Lancashire’s digital forensics department was officially relaunched last summer – the culmination of £2.7m of investment over the course of the last three years. Clive Grunshaw, Lancashire’s Police and Crime Commissioner said:
“It is crucial that forces across the country ensure their digital capabilities are to a high standard and well placed to tackle the ever evolving nature of crime. This is why I’m delighted that the investment we’ve made in Lancashire is making such a clear operational difference. Over half of all crime has an online element, with this only set to increase. Ultimately, it’s about keeping people safe and removing those who do commit crimes from our streets. The work that the digital forensics team to here in Lancashire is critical in delivering on our priorities and protecting people from harm, with the important role our digital experts play only set to increase going forward.”
As criminals have become increasingly reliant on technology to commit crime, so too have the police found themselves routinely turning to technology in their search for evidence. Adam Koral, manager of the Digital Management Investigations Unit (DMIU) said;
“Now we take a more intelligence-led approach. So if we are looking for a device which is linked to indecent images being uploaded to the internet and we find an old Nokia phone in an attic, with no SIM card in it, then we may see if there are other avenues for checking whether that handset has been involved [rather than deploying the full suite of digital examination tools].”
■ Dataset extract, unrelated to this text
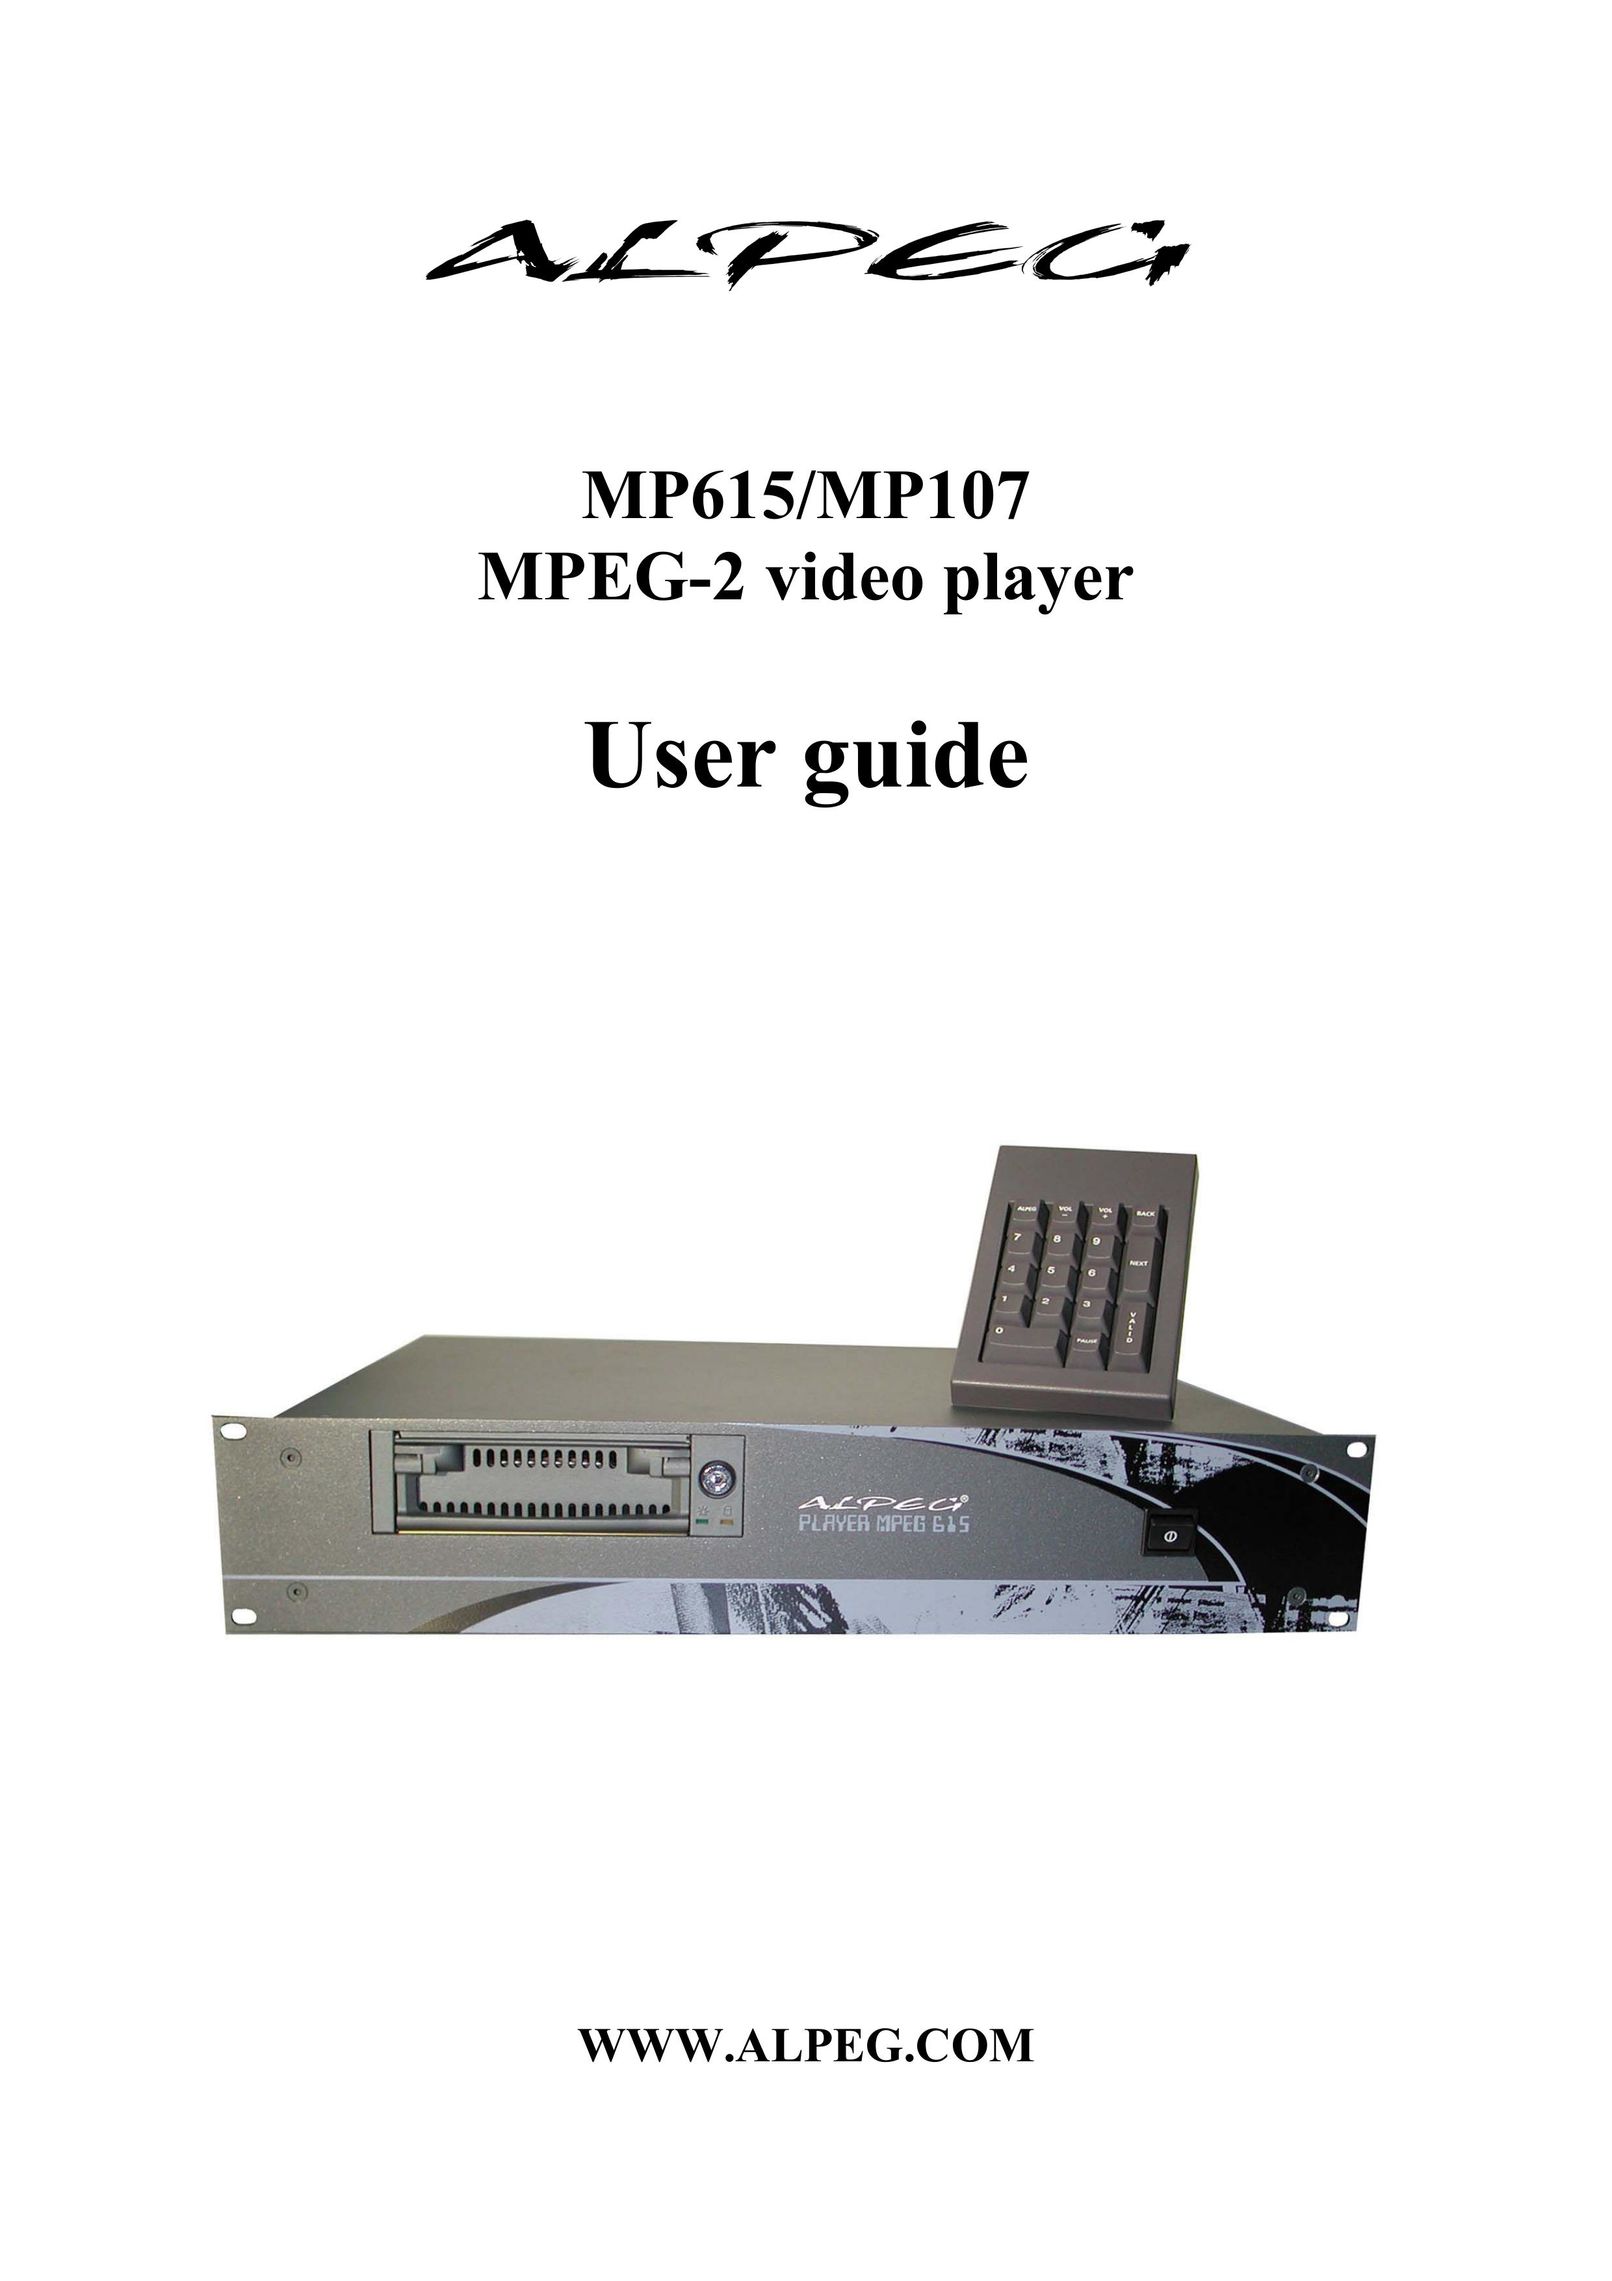 Alpes USA MP615/MP107 VCR User Manual

Meanwhile, the installation of ‘digital kiosks’ – machines which can carry out lower-level readings of devices at 13 sites across the county, including Preston and Blackpool – has helped ease the pressure on the main DMIU team at the force headquarters at Hutton. Hundreds of divisional officers have been trained in how to use the technology-scanning kit, but still have the option of referring complex cases to their more specialist colleagues.